うろたえている所がそれが本当の事だと余計タルルに知らせる事になるのだが、いきなりケロロの名前を出されて動揺しているタママはそれに気が付かない。

「ばればれっす」

 タルルがそう言うと、タママの顔がさっと赤くなった。照れたように下を向く。


 タルルが見た事の無いタママの顔。

 ふっと恋するものの甘酸っぱい色香がタママを彩る。


 やっぱ好きなんすね。

 しかも、すっごく。


 タルルの胸がちくんと痛んだ。


「ら、ラブラブだよ。当たり前だろ!」

 自分で言っていて空しくなる嘘をついて、タママはタルルに背を向けて寝転んだ。

 タルルに見せないタママの顔が翳り、泣きそうになるのを歯をくいしばって耐える。

 ケロロはタママのことをいつまでたっても部下としかみてくれないし、その部下としてさえもヘマをしてしまった。踏んだりけったりの気分の時につく嘘にしては最悪すぎる。

「もう……」

 もうキスだって済ませたぜ。

 泣きそうな顔の癖に、口調だけは強気でそう言おうとしたタママの言葉は、次の瞬間永久に飲み込まれたままになった。


「だったら、もうケロロ軍曹とエッチしたんすね」

「えっ!?」

 さらりとそう言ったタルルの言葉に一瞬絶句する。おもわずタルルのほうを振り返ると、タルルは自分が凄い事言った自覚は全く無いらしく、平気な顔をしてタママを見ている。


 こ、こいつぅ〜。すごい事言いやがるですぅ。


 キスといっても、唇が触れるだけの軽いキスを一方的にしただけで大きなことを成し遂げたかのような気持ちになっていたタママが、予想外に大人なタルルの発言にどぎまぎする。

 うろたえるのを師匠のプライドで抑え、きっと目を吊り上げ虚勢を張る。


「お、おう。

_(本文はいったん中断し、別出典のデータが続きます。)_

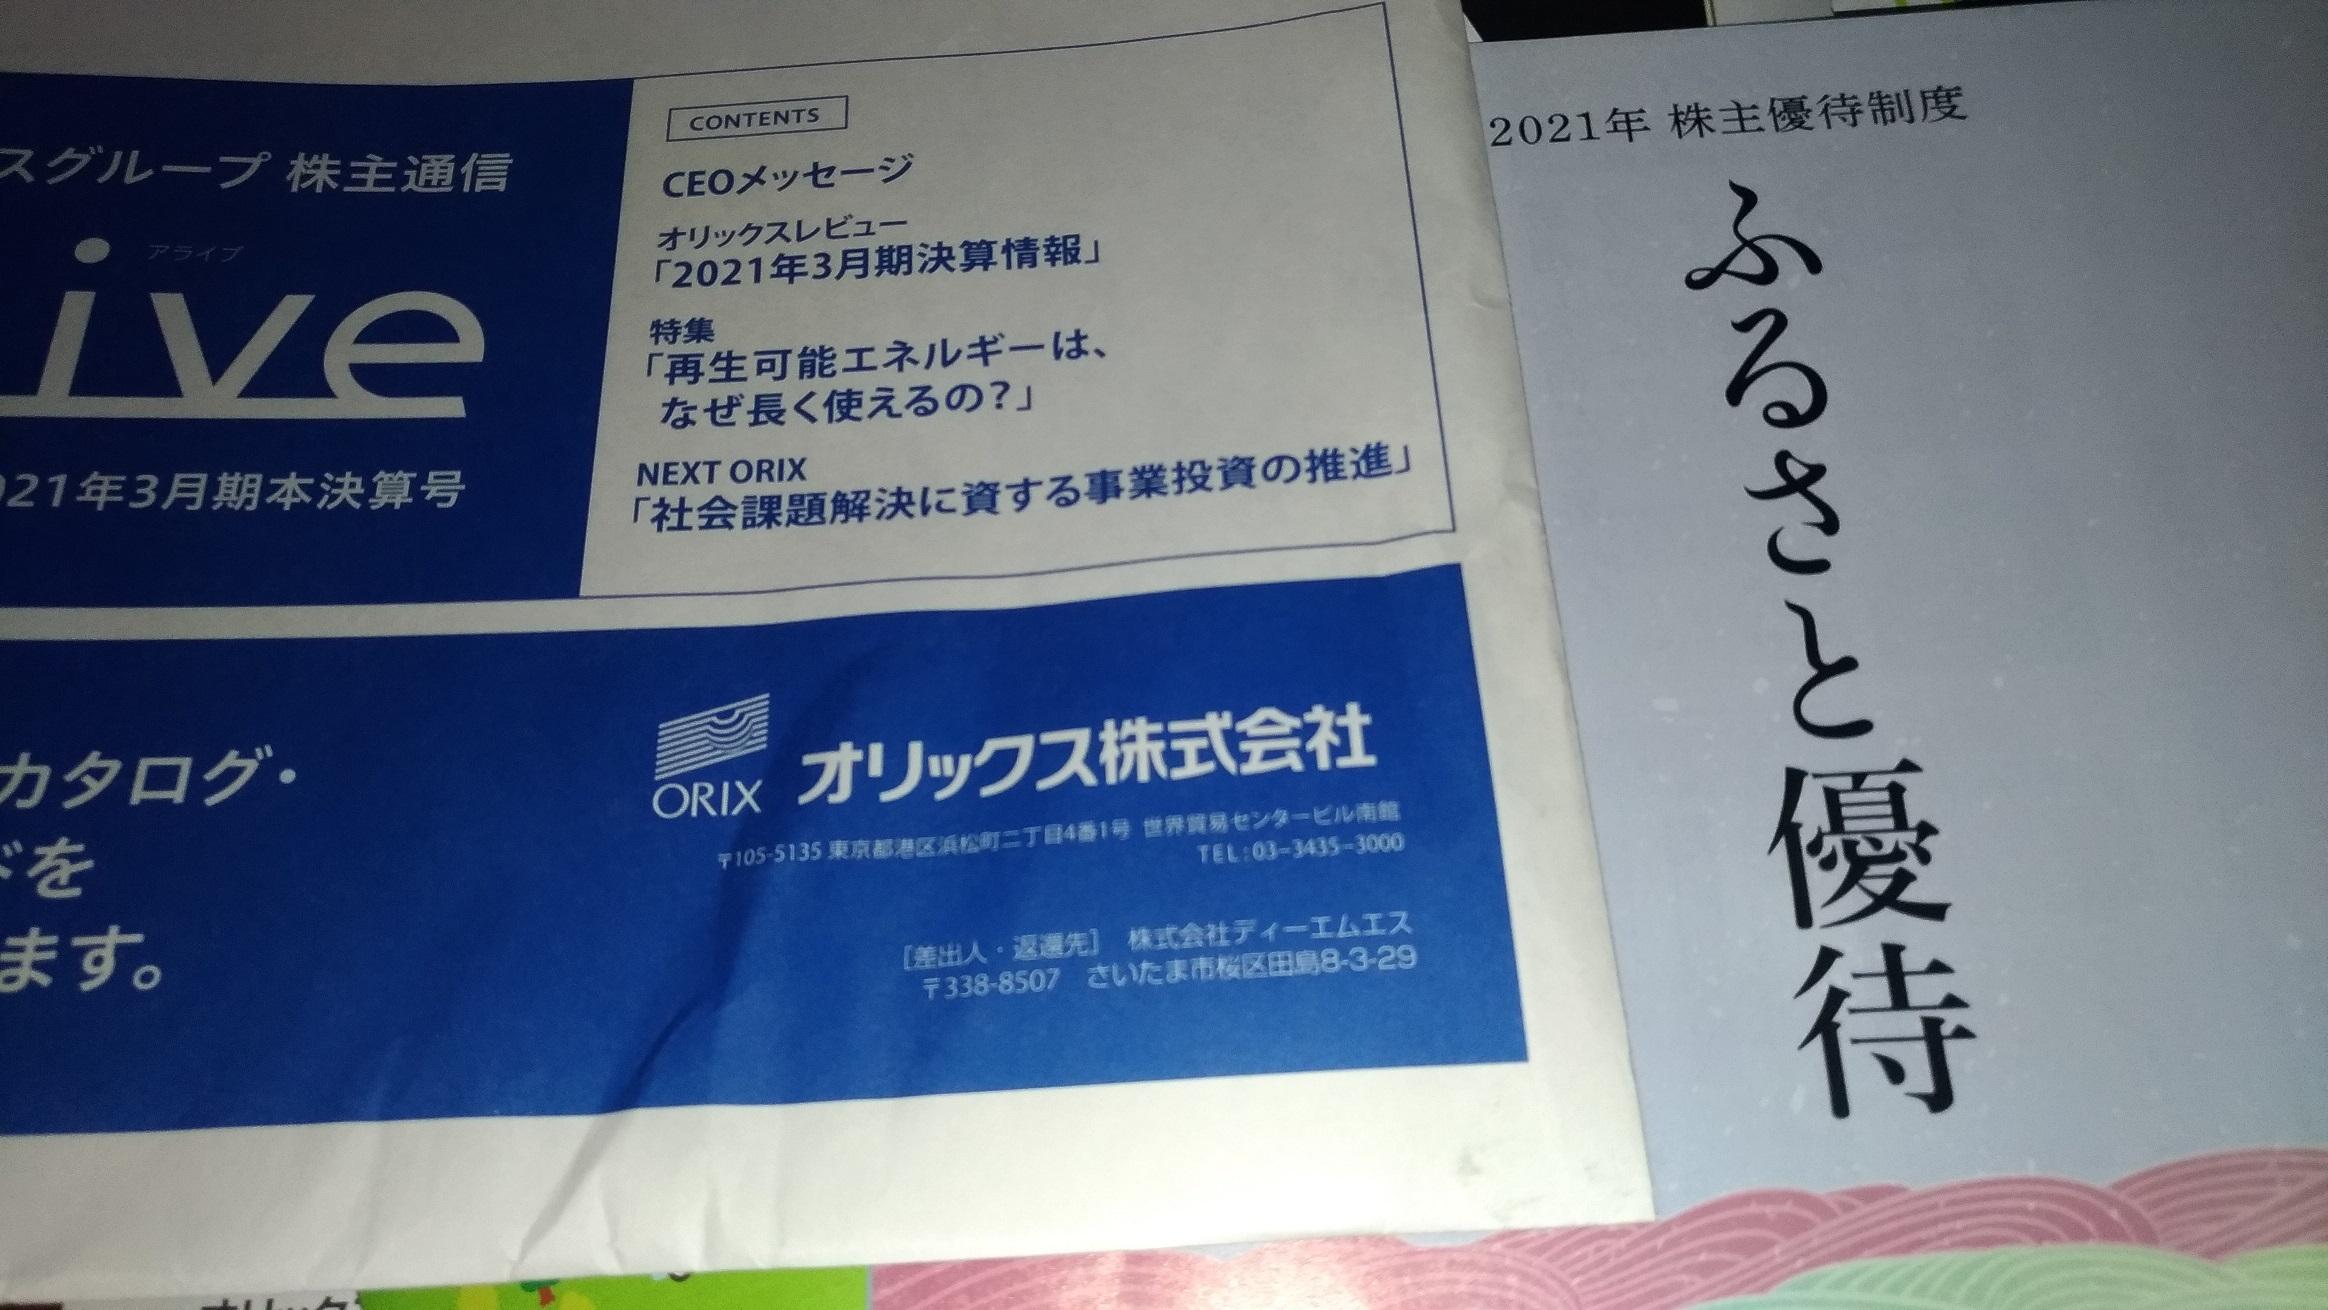 orix_2021_yutai_03_1.jpg

当たり前だろ」


 実は、タママには知識も経験もほとんど無い。

 好きだと言ってもらえて、抱きしめてもらえば天にも上る気持ち。キスなんかされてしまったら、確実に天国行きになるだろう。

 ただ子供のように、自分の気持ちをぶつける事しか知らず、しかもその気持ちをケロロが受け入れているとは言い難い。

 嘘がばれないか内心ヒヤヒヤのタママに向かって、なぜかタルルが嬉しそうに笑った。

「じゃ、も、解禁っすね」 

「何の話だよ……」

 タルルが立ち上がり、自分のベッドに寝転がるタママの顔を覗き込んだ。

「うわっ! なにすんだお前止めろってば!!」

 タルルがにこにこ笑いながら、タママの体を簡単にあお向けにひっくり返し、ベッドに押し付ける。

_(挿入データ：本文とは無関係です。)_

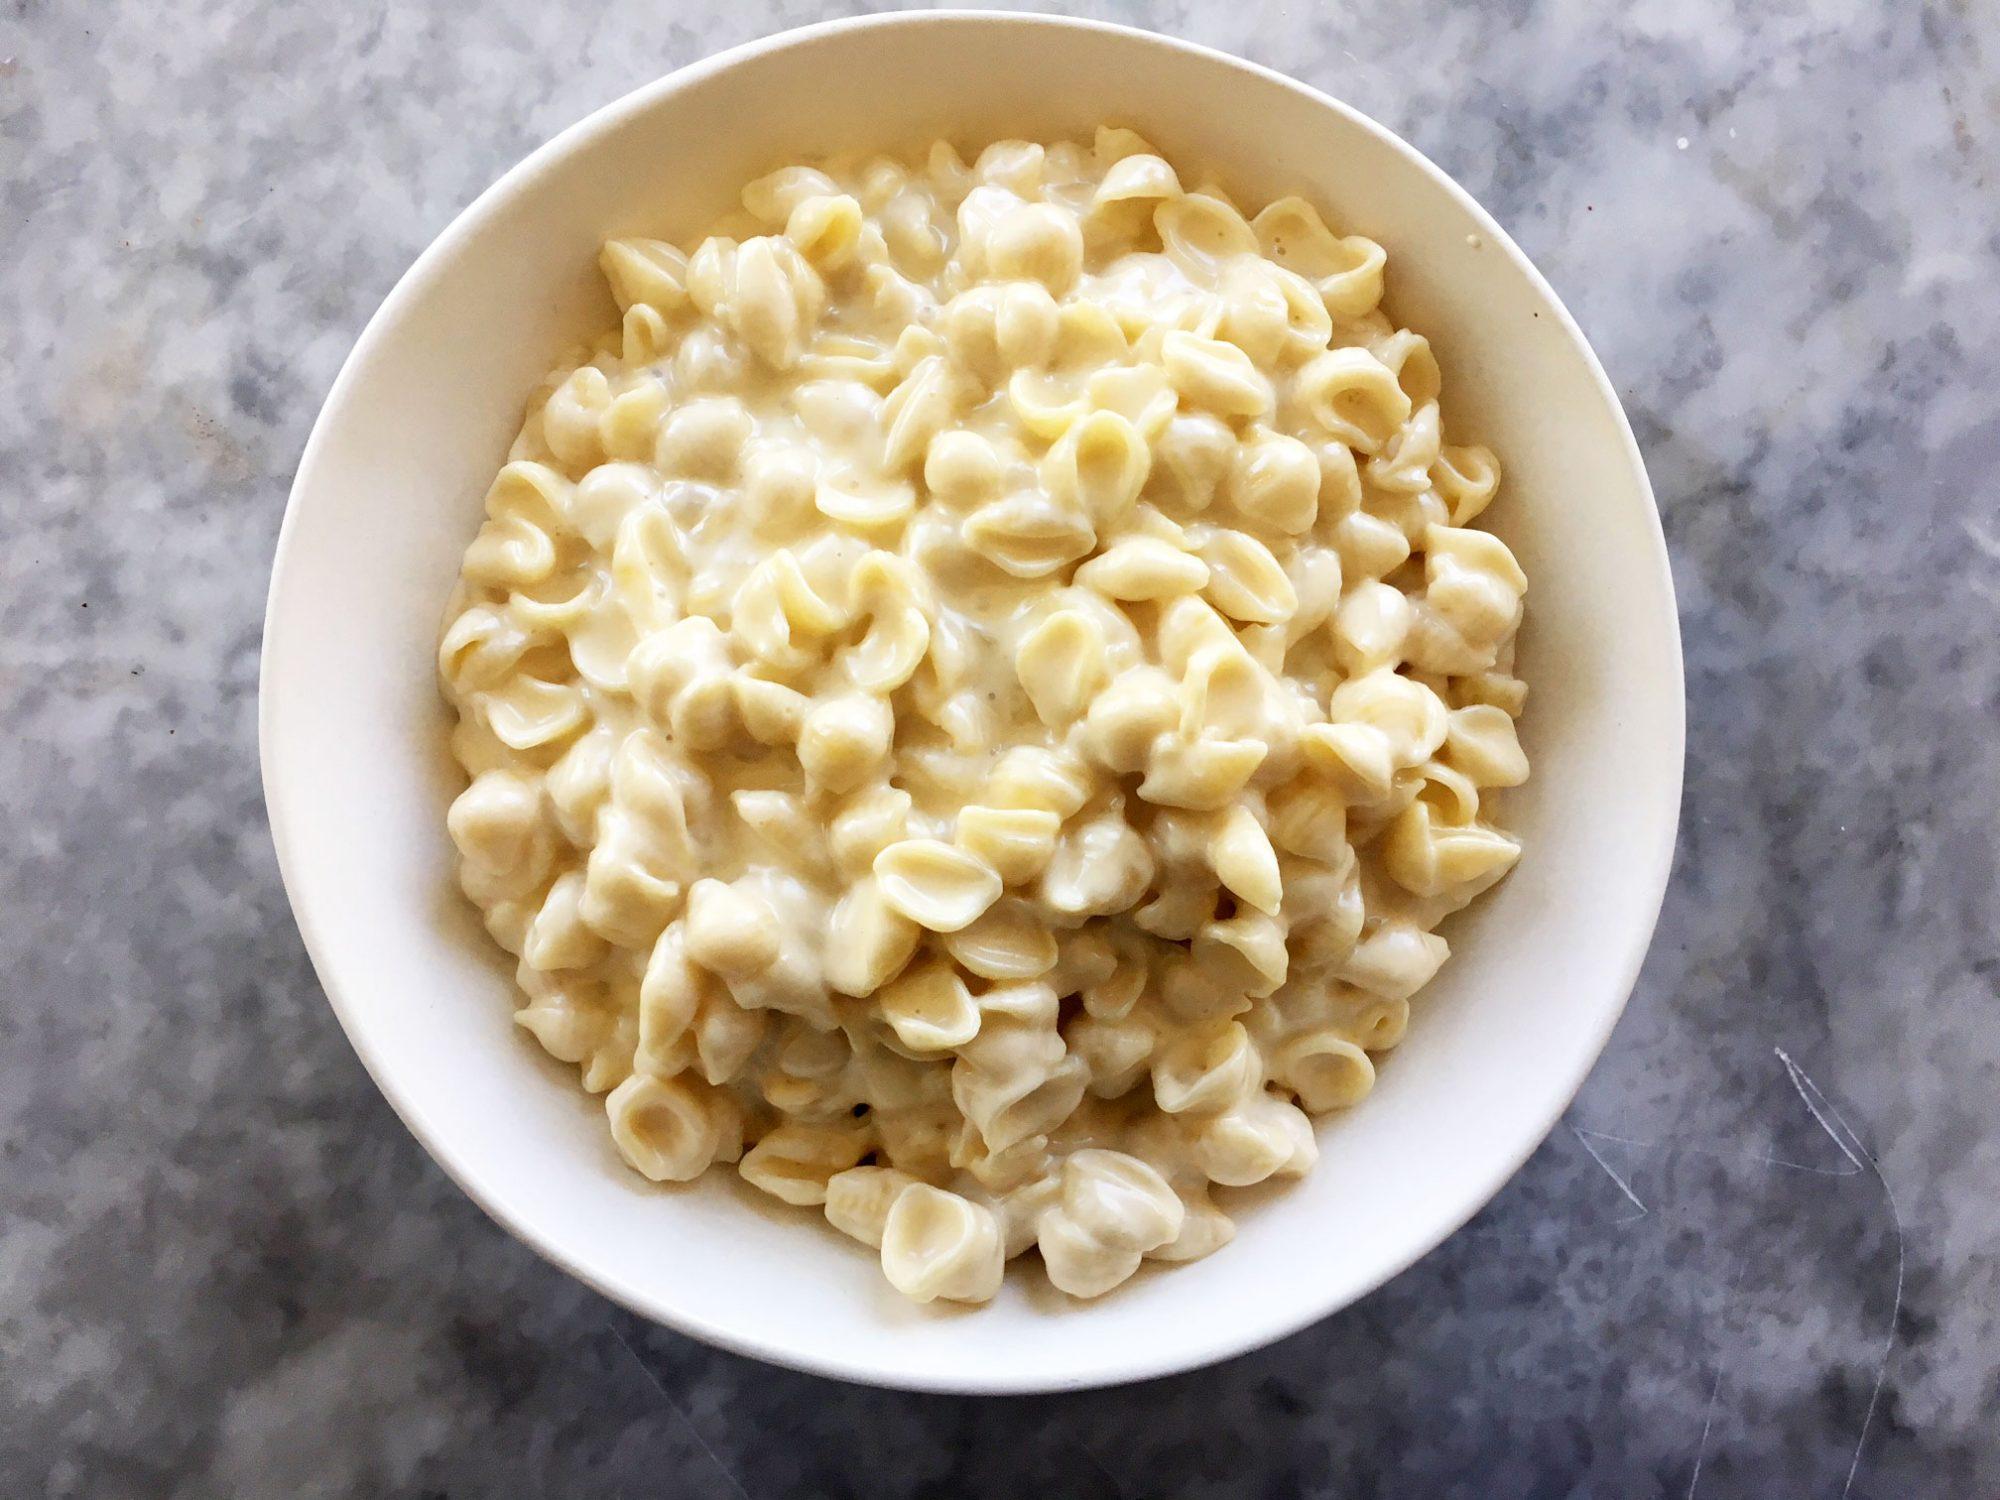 Copycat-Panera-Bread-Mac-and-Cheese-.jpg

 急にそんな事をされて当然のことながらタママが慌てた。

 そのタママの慌てように、タルルが、あれ? っという顔をする。

「済ませたんすよね? 初体験」

「……ウン」

 目を伏せ、小さな声でそう返事をする。

「経験豊富?」

「ま、まあな!」


 嘘ですぅ、処女で童貞だしろくに知識もないですぅ……。


 モアが怪談と勘違いして話し出した猥談でさえ、タママにとっては未知で刺激的なものだったのだ。

 自分が空しくなるだけの嘘をつき、墓穴を掘るいつものパターンに陥っているのは判っているが、やめられない。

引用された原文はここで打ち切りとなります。